I am trying to implement a logic in Redshift Spectrum where my original table looks like below:
Records in the student table:
1 || student1 || Boston || 2019-01-01
2 || student2 || New York || 2019-02-01
3 || student3 || Chicago || 2019-03-01
1 || student1 || Dallas || 2019-03-01
Records in the incremental table studentinc looks like below:
1 || student1 || SFO || 2019-04-01
4 || student4 || Detroit || 2019-04-01
By joining both student and studentinc tables, I am trying to get the latest set of records which should look like below:
2 || student2 || New York || 2019-02-01
3 || student3 || Chicago || 2019-03-01
1 || student1 || SFO || 2019-04-01
4 || student4 || Detroit || 2019-04-01
I have got this solution by doing UNION of both student and studentinc, then querying the result of union based on max(modified_ts).

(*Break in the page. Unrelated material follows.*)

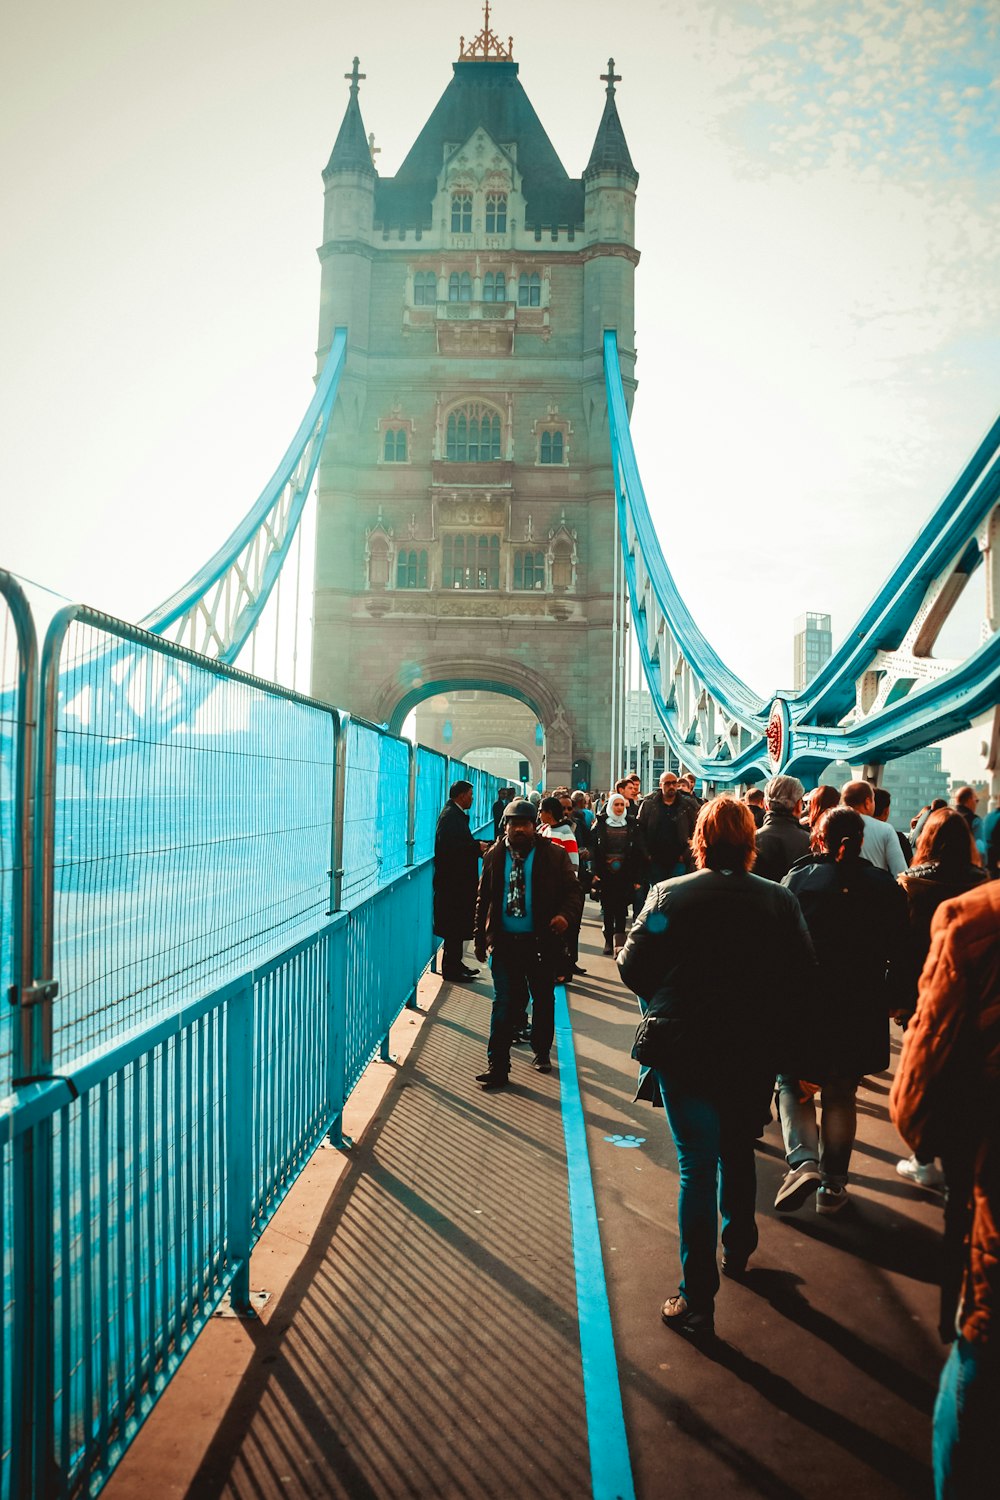 group of people walking on bridge during daytime

However, this solution isn't good for huge tables, is there a better solution which works by joining both the tables?
I would recommend window functions:
select s.*
from (select s.*,
row_number() over (partition by studentid order by date desc) as seqnum
from ((select s.* from student
) union all
(select i.* from incremental
from incremental
)
) s
) s
where seqnum = 1;
Note: The union all
requires that the columns be exactly the same and in the same order. You may need to list out the columns if they are not the same.